Monday, June 29, 2026

The perils and pleasures of re-reading

I've been a voracious reader all my life but I have never gone in much for re-reading. Until last year (not counting books I re-read books for school, as a student and as a teacher), I'd hardly ever re-read books for pleasure: The Great Gatsby, Mrs. Dalloway, some Ray Bradbury, some Ernest Hemingway, some Henry James. But in my retirement, in addition to catching up on books that have been piling up in the basement over the years, I have been doing some re-reading. I've probably read Bradbury's Something Wicked This Way Comes four or five times, but a new attempt last year left me cold. It threatened to spoil my lovely memories of the book so I quit. Oddly, with one of the major characters, the dad, being an old man figure a bit like me, I thought I would find new resonances in the book, but the opposite happened--I found myself bored by the father and by the philosophizing. I will keep my Bantam paperback, bought in 1967, with me forever but I probably won't be tempted to read it again. I'll let my memories remain unsullied.

Some things I've re-read with success, finding even more to enjoy in them now. Julian, Gore Vidal's historical novel about the last pagan emperor of Rome, first read in my 20s, was one of my favorite novels and I worried that revisiting it would be disappointing (I had tried about 20 years ago and didn't get very far) but my older vantage point was actually an asset as I understood more, about the history and the philosophy, than I did back then. The same thing happened with A Canticle for Leibowitz by Walter M. Miller Jr. It's a post-apocalyptic story told in three parts, covering three different and widely separated time periods. A nuclear war destroys civilization as we know it, but humanity, along with religion and science, claws its way back, and soon we have an even more advanced technology that we had in the 20th century. But have we learned enough to avoid our old mistakes? I read it in college (mid-1970s) and have fond and vivid memories of stretching out on a couch in the student union building and reading it, but when I picked it up now, I remembered almost nothing about it. This time around, I liked the first and third sections very much, but the middle chunk was tedious and I almost gave up on the re-read. I'm glad I didn't. I think the first and third parts felt more like science fiction than the middle part; they also have more "world-building" going on. I'm a little surprised that it hasn't been adapted for streaming television.
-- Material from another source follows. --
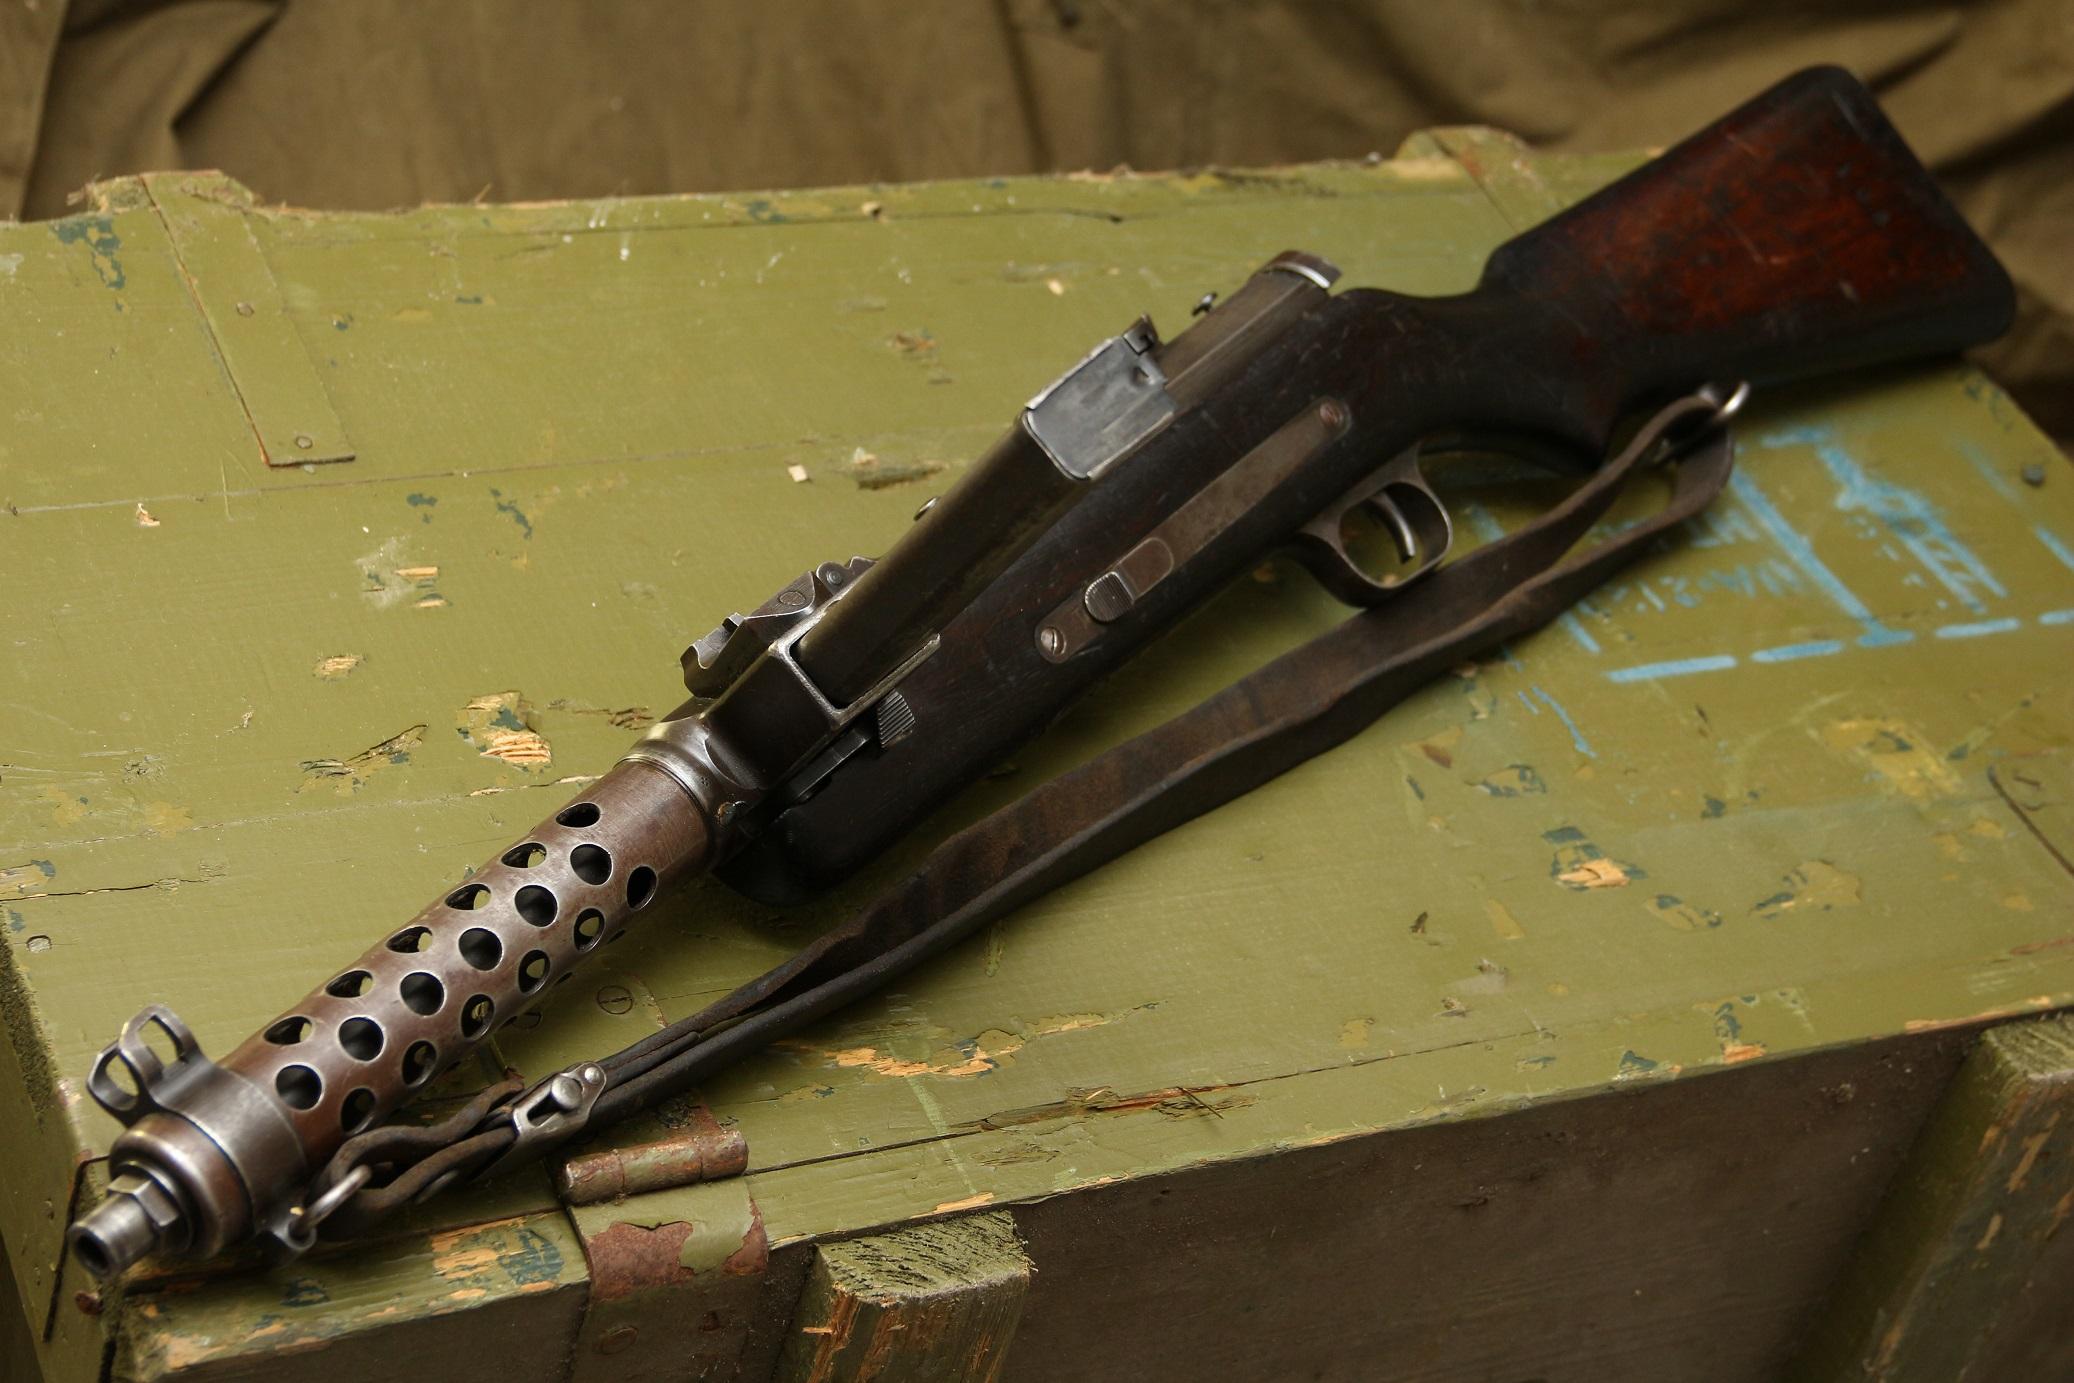 Пистолет-пулемет Steyr-Solothurn S1-100 / MP34 #901, 1942 год, немецкая военная приемка

I got an even bigger jolt when I re-read The Carnivorous Lamb by Agustin Gomez-Arcos. In 1984, it was a highly esteemed literary gay novel about two brothers in 1950's Spain who have a lifelong sexual relationship. In 1984, the book felt like a fever dream and I raced through it in two or three sittings. It's erotic but also political, with the fall of the Republicans and the rise of Franco after the Spanish Civil War affecting all the characters. This time, the writing style felt awkward, with a stop-and-start flow that bothered me. The erotic feel was still there, but I was surprised how little sexual description there was--it doesn't come close to being pornographic. Overall I was a little disappointed, but I was glad that the last 30 pages or so were still a bit "feverish." I've been thinking of re-reading Garcia Gabriel Marquez's One Hundred Years of Solitude, another book I remember as dreamlike, but I'd hate to be disappointed. Hence the perils and pleasures of the act of re-reading. If I could somehow clear my memories of the first read out of my head, I might be less worried about it. But the past and present experiences will always, I think, be in contention.  So I'll keep going with this project but I'll allow myself to give up on a re-read if it feels like it is spoiling the past experience too much.